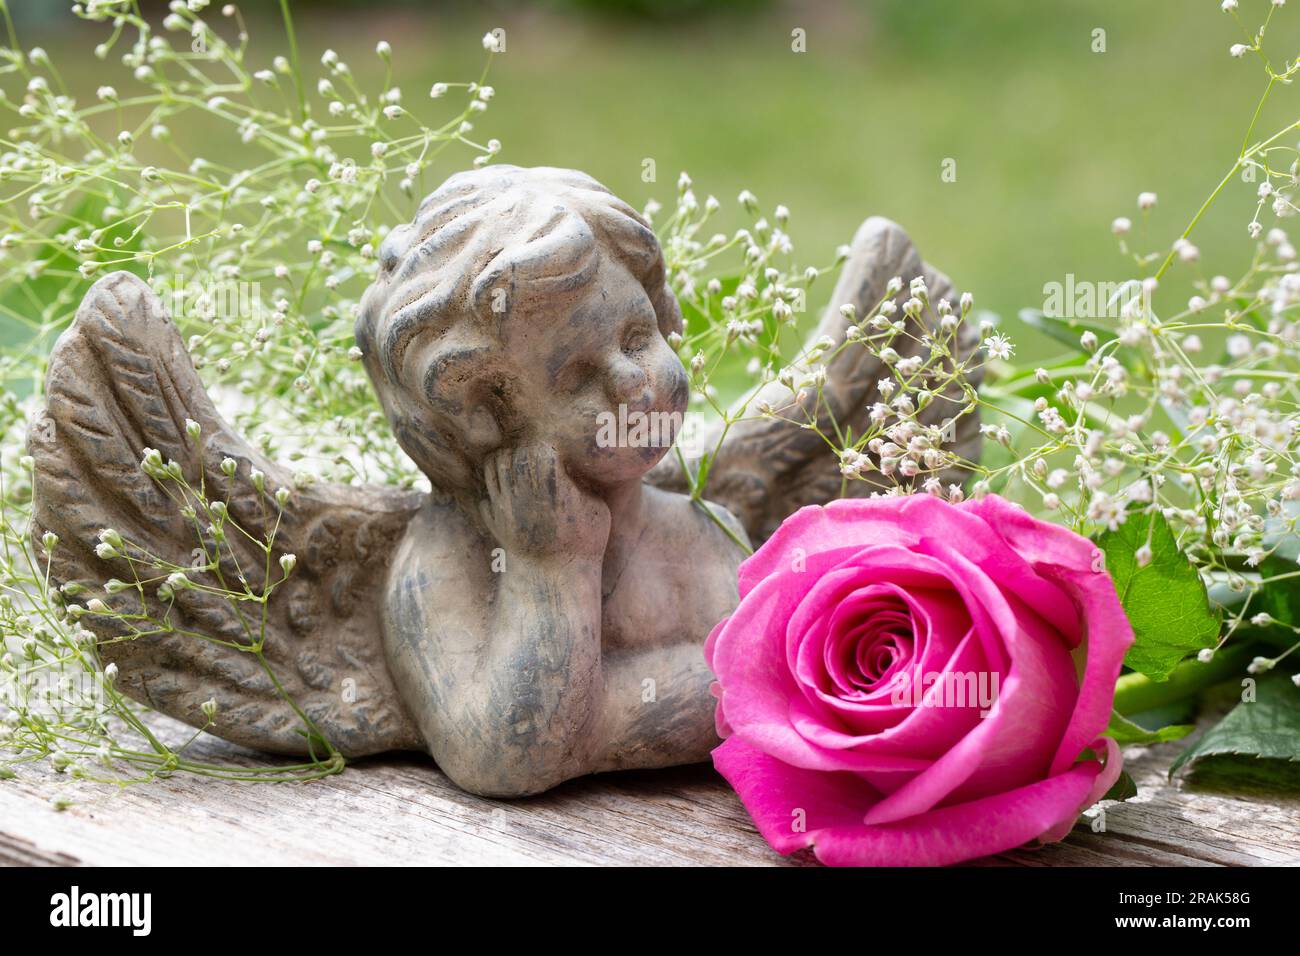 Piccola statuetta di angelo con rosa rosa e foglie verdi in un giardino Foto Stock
...
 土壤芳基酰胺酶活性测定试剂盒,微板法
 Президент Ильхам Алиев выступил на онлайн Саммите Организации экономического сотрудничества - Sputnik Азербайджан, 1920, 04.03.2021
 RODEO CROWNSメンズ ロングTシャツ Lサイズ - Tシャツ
* * *
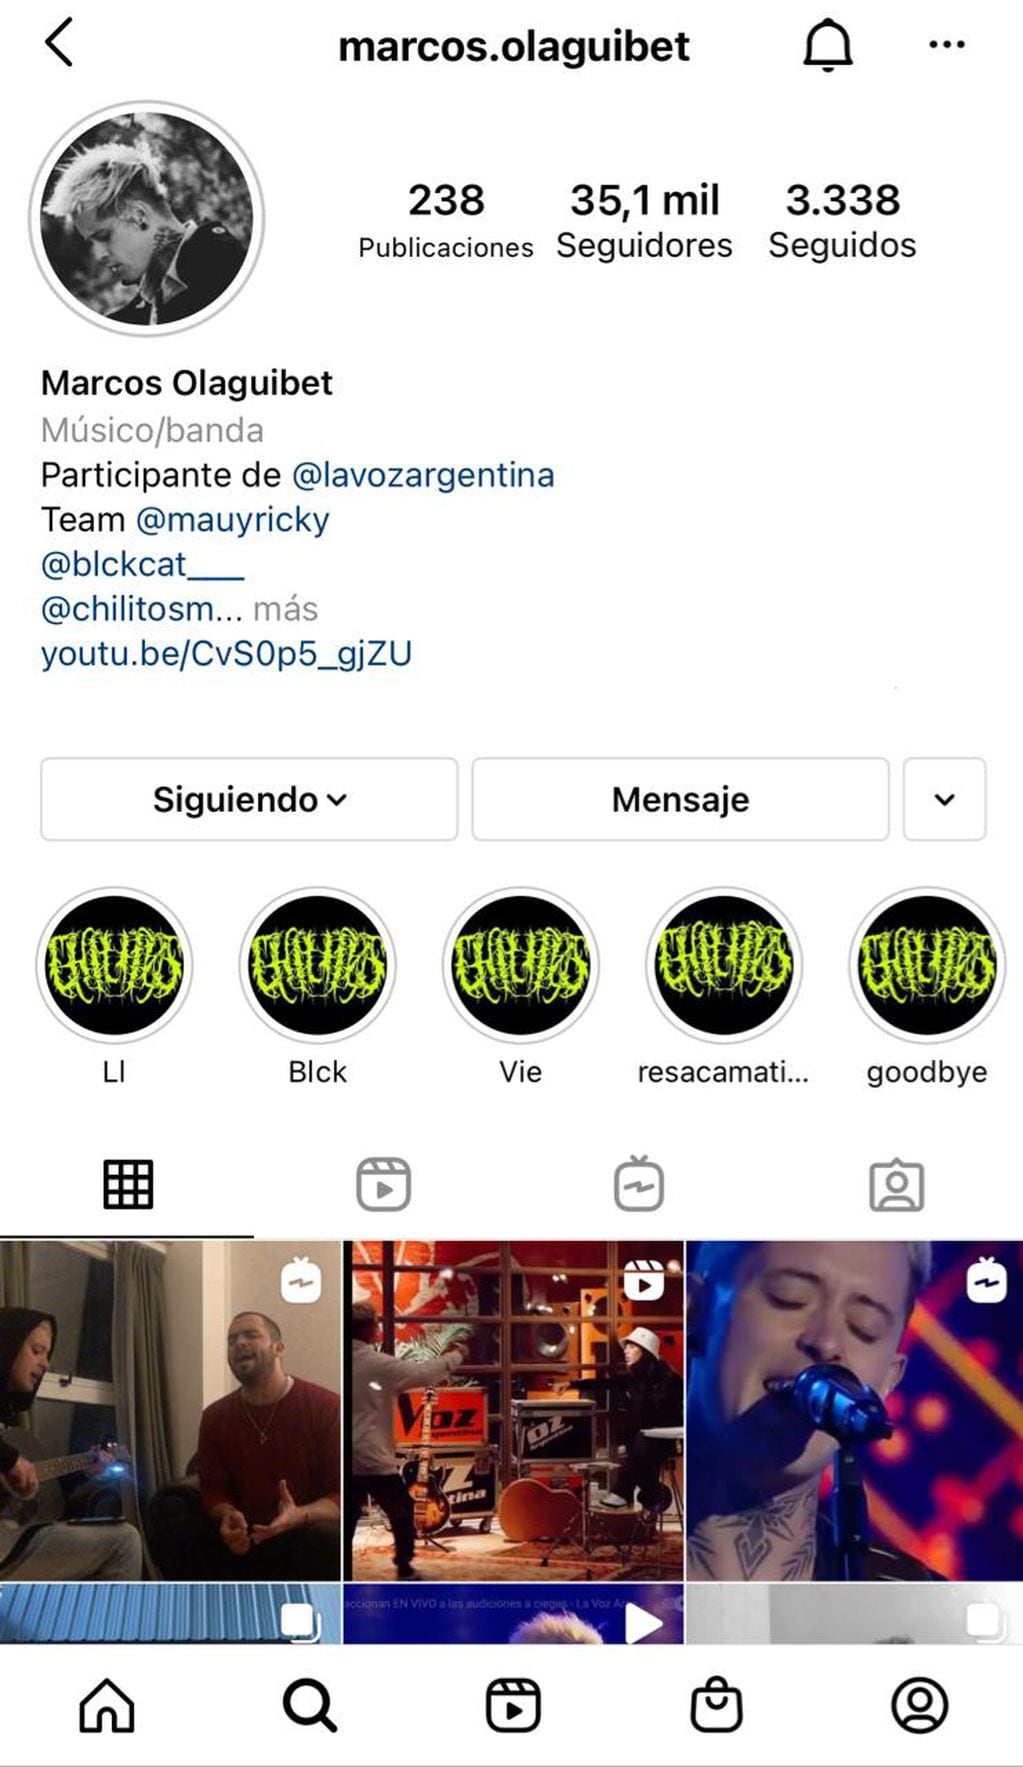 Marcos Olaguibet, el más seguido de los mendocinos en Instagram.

» About this task
When you reach the line in the material above that holds "土壤芳基酰胺酶活性测定试剂盒,微板法", begin reproducing lines exactly, and stop after the line that holds "RODEO CROWNSメンズ ロングTシャツ Lサイズ - Tシャツ".

» Exercise response
 土壤芳基酰胺酶活性测定试剂盒,微板法
 Президент Ильхам Алиев выступил на онлайн Саммите Организации экономического сотрудничества - Sputnik Азербайджан, 1920, 04.03.2021
 RODEO CROWNSメンズ ロングTシャツ Lサイズ - Tシャツ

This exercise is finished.